UU Pilkada, Anggota DPR Harus Mundur jika Maju Pilkada

KABARTODAY.COM | Jakarta – Rapat Paripurna hari ini secara resmi mengesahkan RUU tentang perubahan kedua atas UU Nomor 1 Tahun 2015 tentang Penetapan Peraturan Pemerintah Pengganti Undang-Undang Nomor 1 Tahun 2014 tentang Pemilihan Gubernur, Bupati, dan Walikota menjadi Undang-Undang (UU).

Dalam laporannya, Ketua Komisi II DPR Rambe Kamarulzaman melaporkan seluruh proses yang berlangsung dalam penyusunan draft UU. Termasuk tentang perbedaan pendapat soal mundur atau tidaknya anggota DPR, DPD dan DPRD ketika maju di Pilkada.

Disebutkannya, sebanyak delapan fraksi menerima secara penuh, dan dua fraksi lainnya menerima dengan catatan. Fraksi yang menerima penuh adalah Hanura, NasDem, PPP, PAN, Partai Golkar PDIP, PKB, dan Partai Demokrat. Sedangkan yang memberikan catatannya adalah Partai Gerindra dan PKS.

PKS lewat Almuzammil Yusuf menyampaikan dalam interupsi Paripurna, bahwa pihaknya tetap menginginkan agar anggota DPR, DPD dan DPRD tak perlu mundur saat maju di Pilkada. Mereka lebih setuju jika, baik petahana dan anggota dewan cukup mengambil cuti selama kontestasi di Pilkada.

“Tidak equal treatment, dengan logika sama, PKS tegaskan pada UU baru yang akan disahkan, menerapkan gubernur cukup cuti, seharusnya anggota DPR dan tidak perlu mundur cukup cuti,” kata Almuzammil di Gedung DPR, Kamis (2/6/2016.

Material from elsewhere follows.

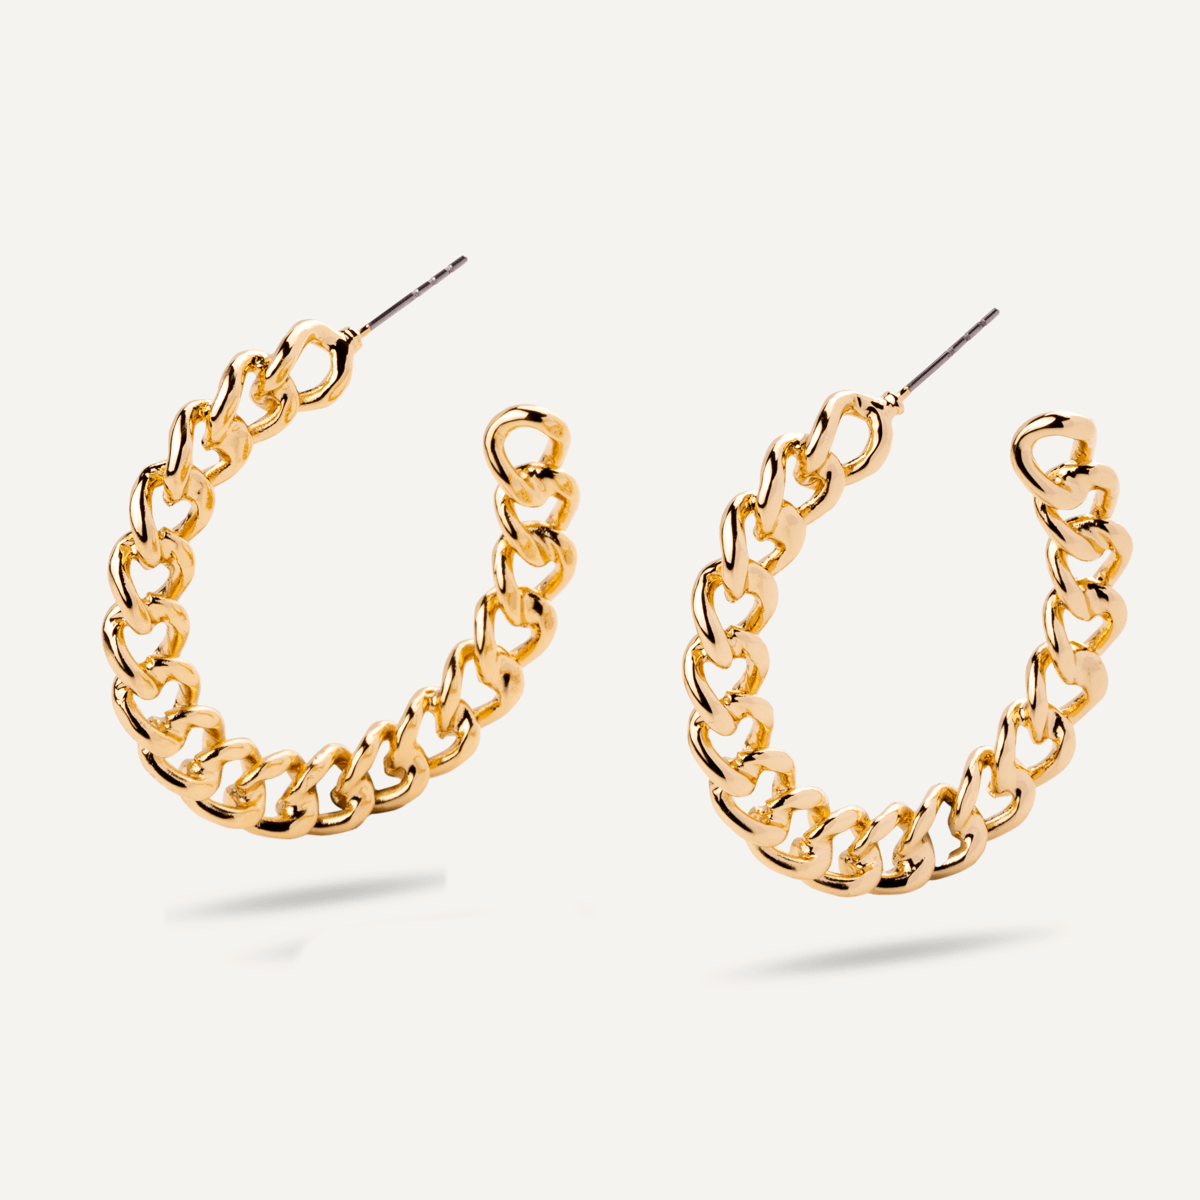 Close-up view of Eternal Narrow Curb Chain Hoop Earrings in Gold

Almuzammil juga menyebutkan argumentasi sama dikeluarkan oleh dua mantan Ketua Mahkamah Konstitusi (MK) yakni Jimly Asshiddiqie dan Mahfud MD.

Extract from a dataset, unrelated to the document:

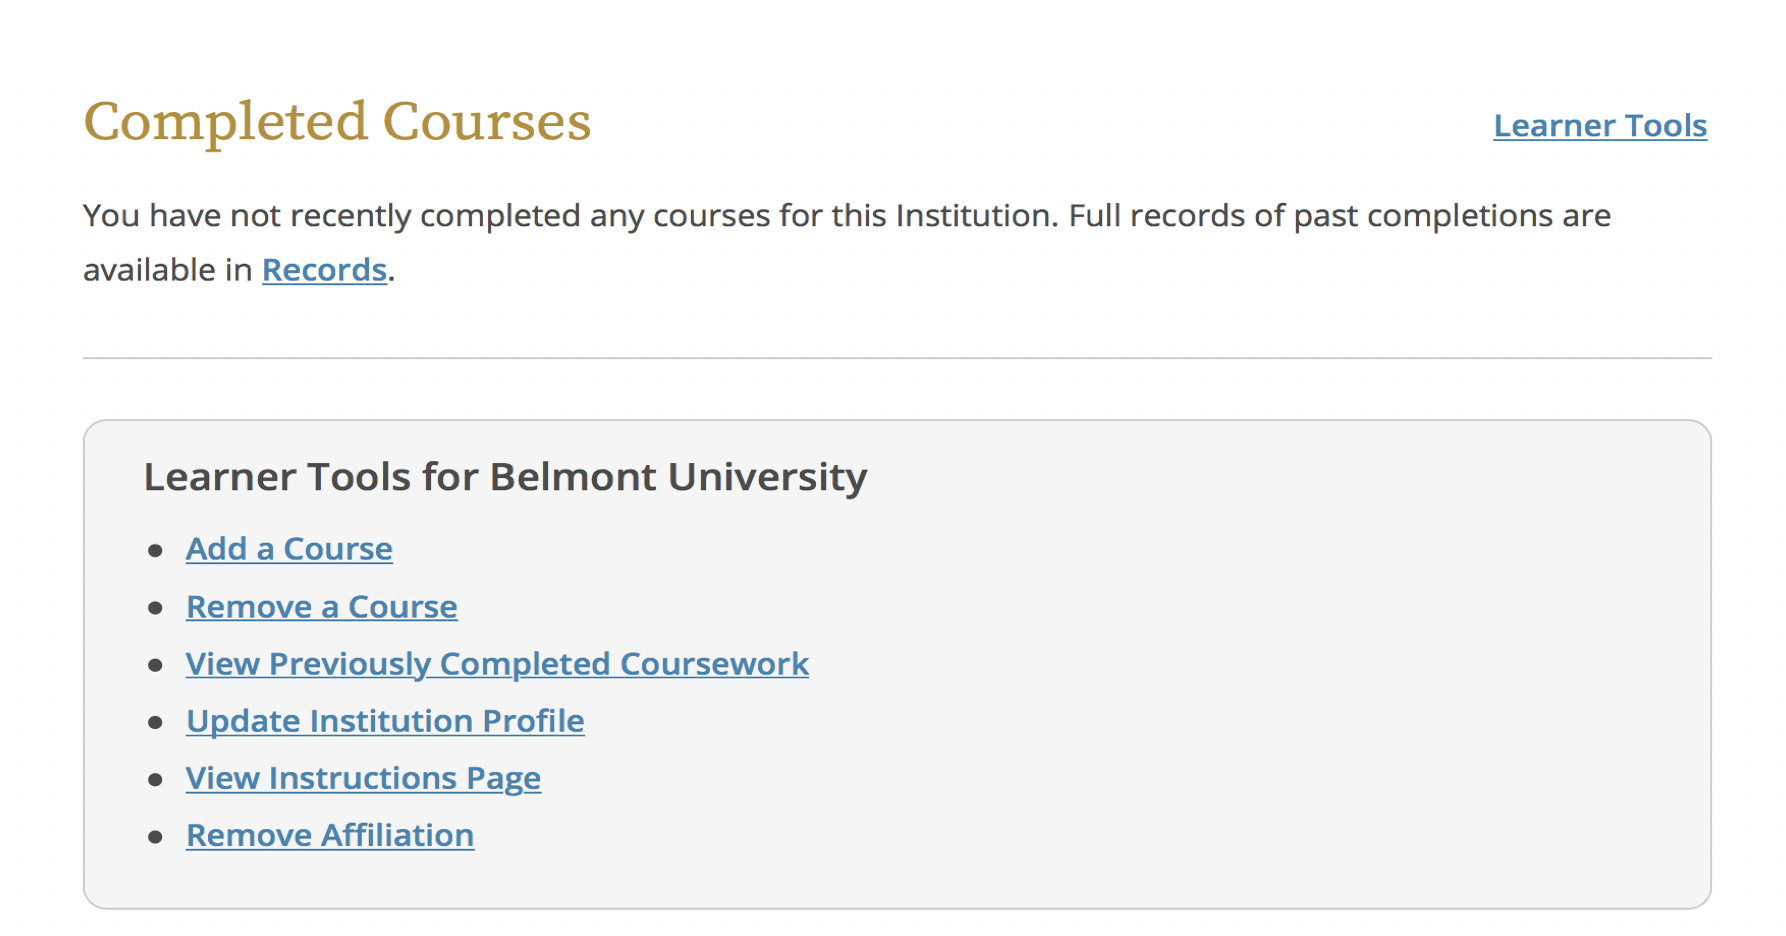  screen shot showing completed courses

Anggota Fraksi Gerindra Azikin Solthan juga menyampaikan pandangan sama dengan Almuzammil. Namun sikap Gerindra lebih lunak dari PKS karena tetap menerima pengesahan UU Pilkada. “Namun demikian kami tetap menukung keputusan tingkat dua untuk mengesahkan jadi UU Pilkada, semoga apa yang kita laksanakan ini bernilai ibadah,” kata Azikin.

Pimpinan Sidang Paripurna, Taufik Kurniawan menyebutkan bahwa masukan yang disampaikan oleh PKS dan Gerindra akan dijadikan catatan dalam proses pengesahan UU kali ini. “Tentunya atas seizin kami dari meja pimpinan, tidak ada menang dan kalah, dan harapan setiap interupsi dicatat sebagai dokumen tak terpisahkan, mohon persetujuan resmi, apakah revisi UU dapat disetujui untuk disahkan?,” kata dia yang kemudian disambut setuju dari seluruh anggota.

Setelah Mendagri Tjahjo Kumolo menyampaikan pandangannya, Taufik kemudian meminta persetujuan akhir. “Apakah RUU tentang perubahan kedua atas UU Nomor 1 Tahun 2015 tentang Penetapan Peraturan Pemerintah Pengganti Undang-Undang Nomor 1 Tahun 2014 tentang Pemilihan Gubernur, Bupati, dan Walikota menjadi Undang-Undang (UU) disetujui?,” tanyanya.